Gives for (0,0.1) evolution

BenchmarkTools.Trial:
memory estimate:  46.61 GiB
allocs estimate:  2857792769
--------------
minimum time:     41.576 s (7.85% GC)
median time:      41.576 s (7.85% GC)
mean time:        41.576 s (7.85% GC)
maximum time:     41.576 s (7.85% GC)
--------------
samples:          1
evals/sample:     1


And for (0,1) evolution

BenchmarkTools.Trial:
memory estimate:  450.45 GiB
allocs estimate:  27623039639
--------------
minimum time:     387.538 s (8.10% GC)
median time:      387.538 s (8.10% GC)
mean time:        387.538 s (8.10% GC)
maximum time:     387.538 s (8.10% GC)
--------------
samples:          1
evals/sample:     1


So in this case, there is clearly a huge amount of allocations, and in contrast to the example PDE, the memory is extensive with evolution length.

Any idea what I missed and how I can achieve a similar speedup as the example?

What I already tried in attempt to reproduce the ‘slow’ behavior with the Gierer-Meinhardt example:
*change the solver algorithm from Tsit5() to Vern7() as well
*make \alpha as there as well a spatially dependent grid
*put in some @view to rename (:,:,1) and (:,:,2)
*Putting a ; at the end of expressions
*Implicitly writing the multiplication signs between numbers and constants
*putting random pieces of the expression in parentheses
inserting a perturbation in the form of 1e-10(u[i,j,1]^2+u[i,j,2]^2)u[i,j,1]
*changing intendation
but the memory-efficiency of that example has seemed robust against all these things…

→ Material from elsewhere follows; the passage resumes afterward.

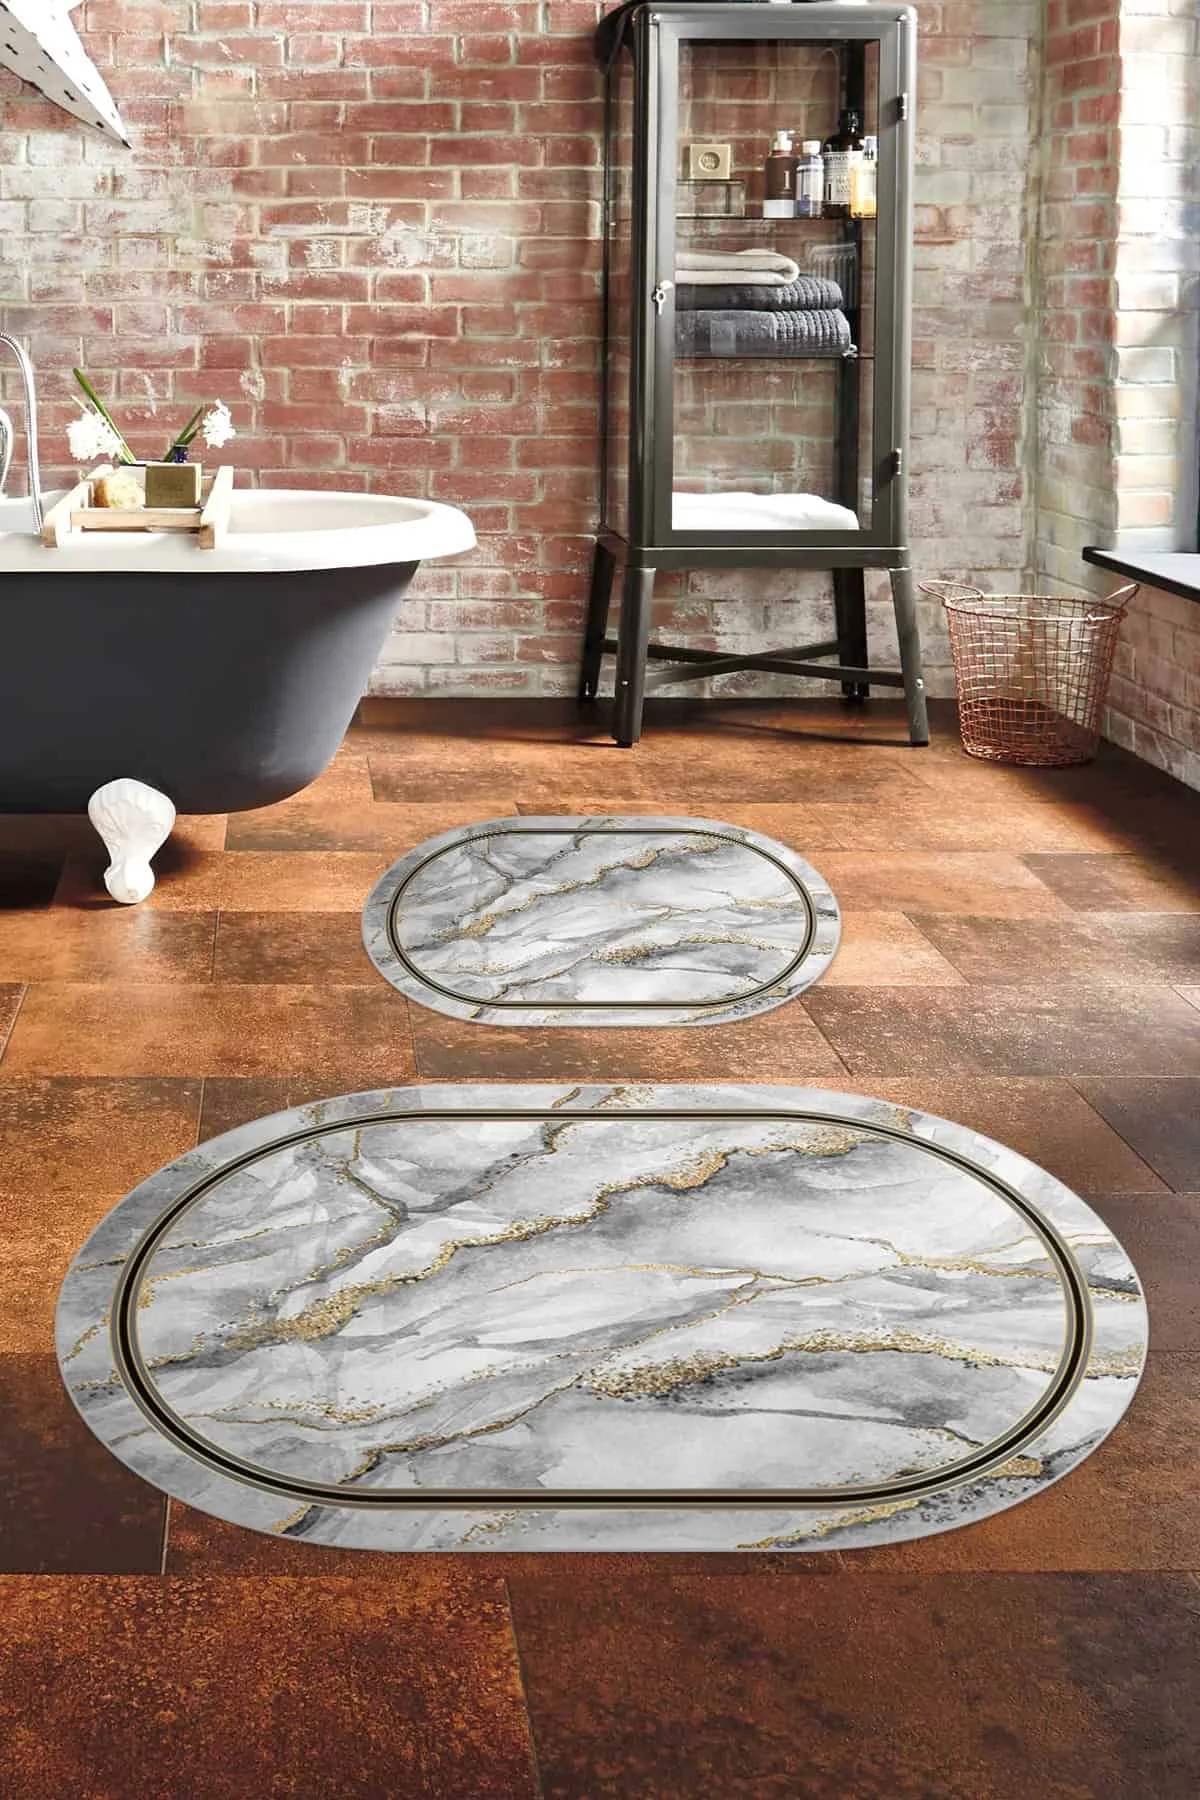 

Коврик для ванной Овальный серый золотой мраморный рисунок для ванной комнаты Набор из 2 предметов нескользящий домашний Декор современный мягкий бамбуковый пол

Your code is very long and verbose, so it’s kind of hard to give a concrete suggestion. As far as I can tell, you only ever write to dP, dX and \alpha, and all other variables are only read from, correct? As a first step to make this more debuggable, I’d suggest eliminating common subexpressions that you recalculate over and over again and put them into their own variables. If the results are single integers or floats, those don’t allocate if the code is type stable! Only arrays and other mutable objects cause allocations in type stable code (there are some exceptions, but that’s much too detailed and doesn’t apply here).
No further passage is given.